An elephant in the system - and what it means

Self-Improving System Project
Self-Improving System Project

In this series of 10 short blogs – which will issue in rapid succession – I will consider in turn the top themes that have emerged from 60 interviews with teachers, leaders, policy-makers, academics and others from across and beyond the English FE system. Each blog will end with a question which I hope will generate debate on LinkedIn, where the blogs are signposted.

The core question considered has been “what might be the features of a self-improving FE system?” Interviewees have also considered the key features of the FE system as it stands, and what is holding it back from being self-improving.


In this tenth blog of ten running through major issues discussed by my interviewees, I come to an issue that I kept noticing by its absence. I will try to reflect what my interviewees thought about this ‘elephant’ and suggest what it might mean for the system.

Nobody talks about Special Educational Needs

Of the 61 people I interviewed across a multitude of roles in and around FE, a grand total of two mentioned students with Special Educational Needs or Disabilities in their reflections on the system and how it could become self-improving.
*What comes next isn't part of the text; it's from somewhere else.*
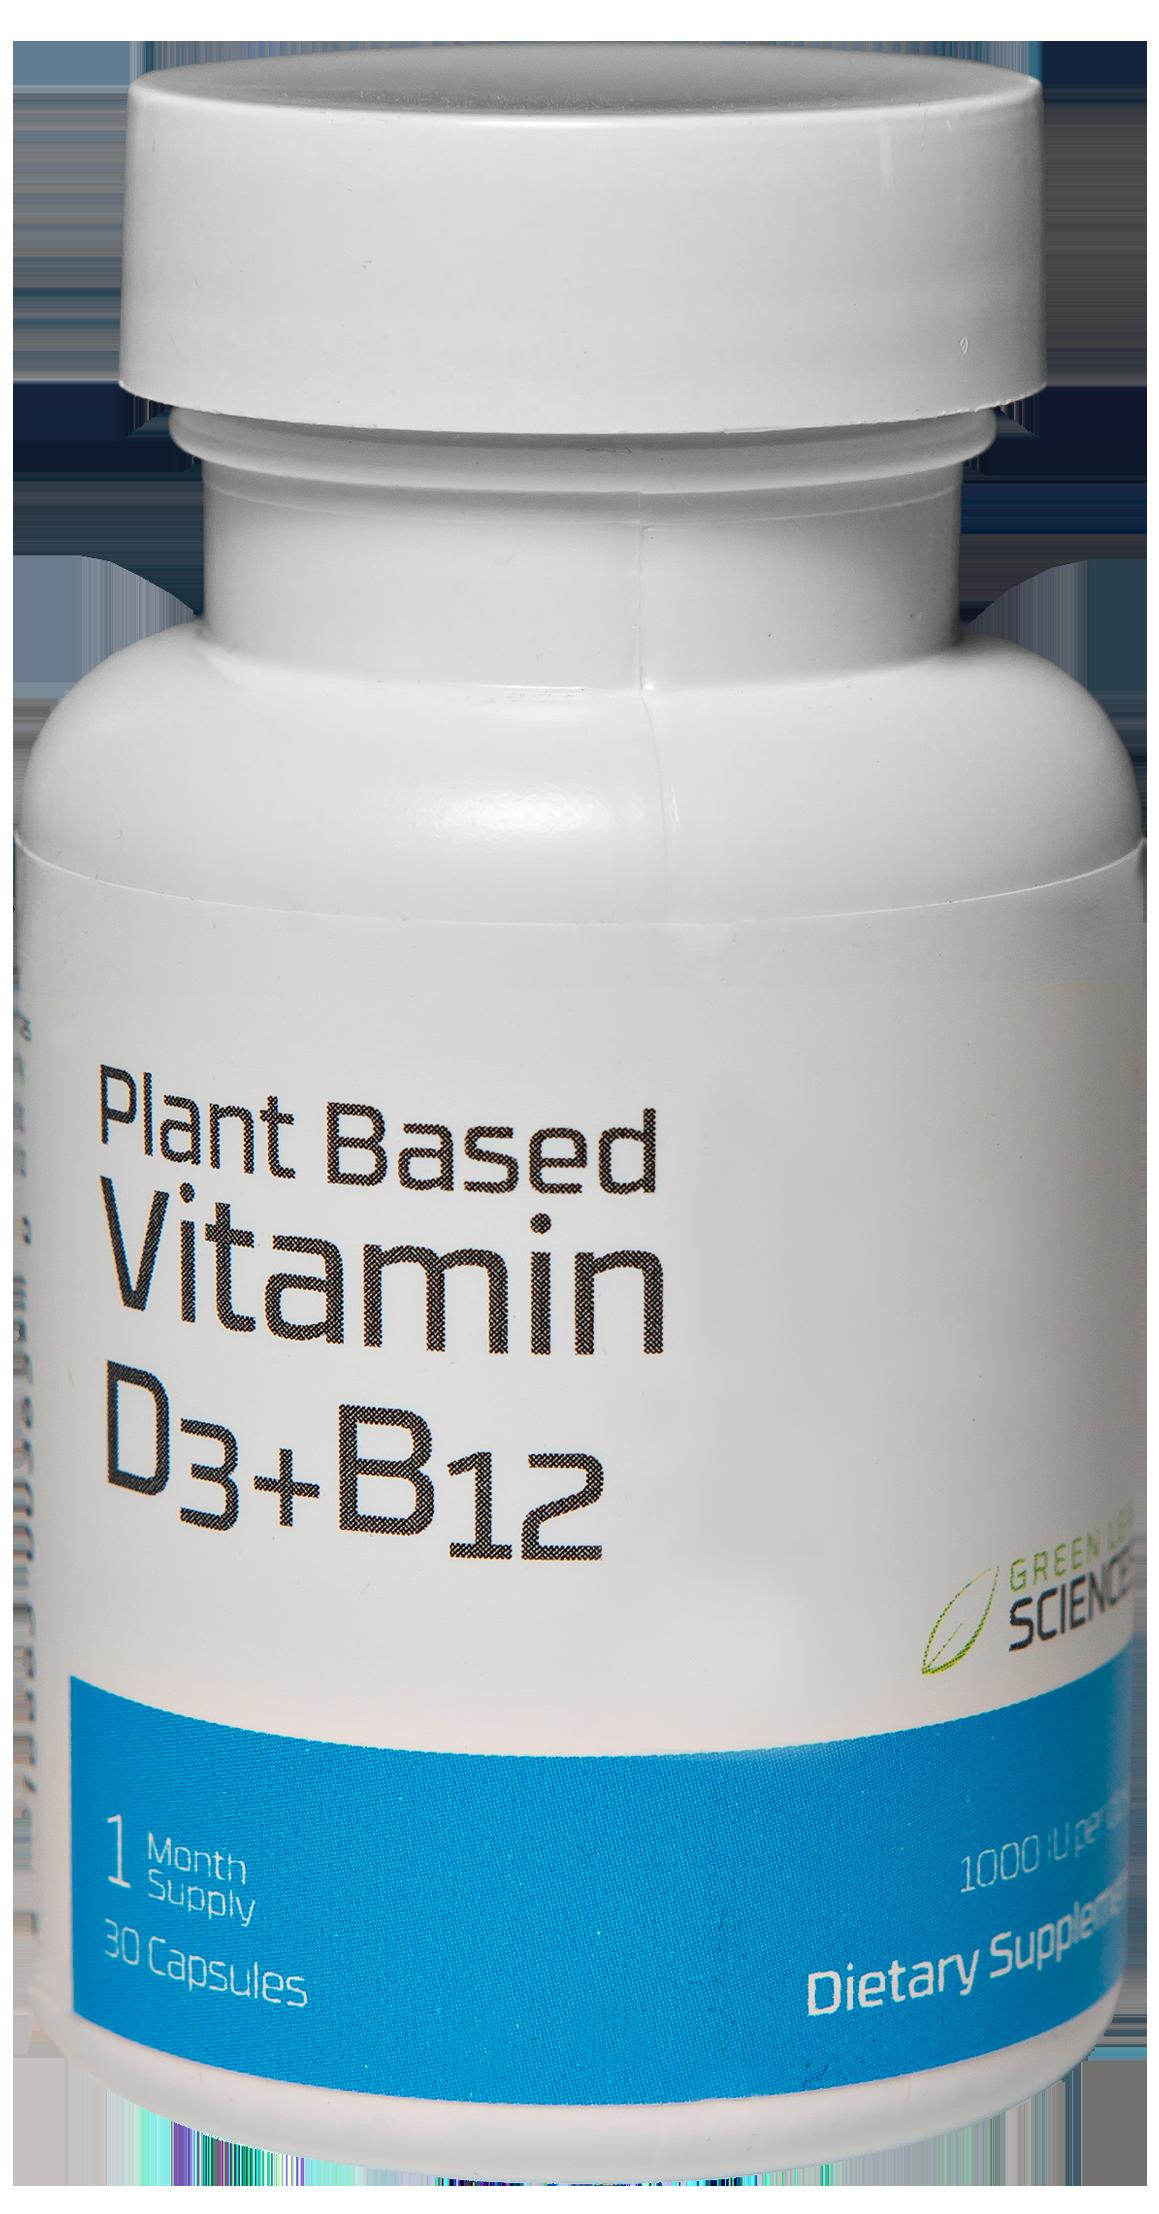 Vitamin D3 plus B12 bottle

I found this astonishing. There are over 80,000 learners aged 1625 with Education, Health and Care Plans; and as anyone who has had to fight for one knows, they are hardly handed out like sweeties. On a different scale, AoC’s briefings suggest that around 26% of learners aged 16–18 have an additional learning need; although nobody I met seemed to think this was an accurate figure – everyone always said that in their experience the true number is much higher in the part of FE that they are familiar with. (I have no good reason to doubt the AoC’s figure; I think this dissent tells us something different, as I discuss below).

Whichever way we look at it, catering for students with SEND would seem to be a huge aspect of what the FE system in England does; yet virtually nobody even mentioned it when talking system design and system improvement.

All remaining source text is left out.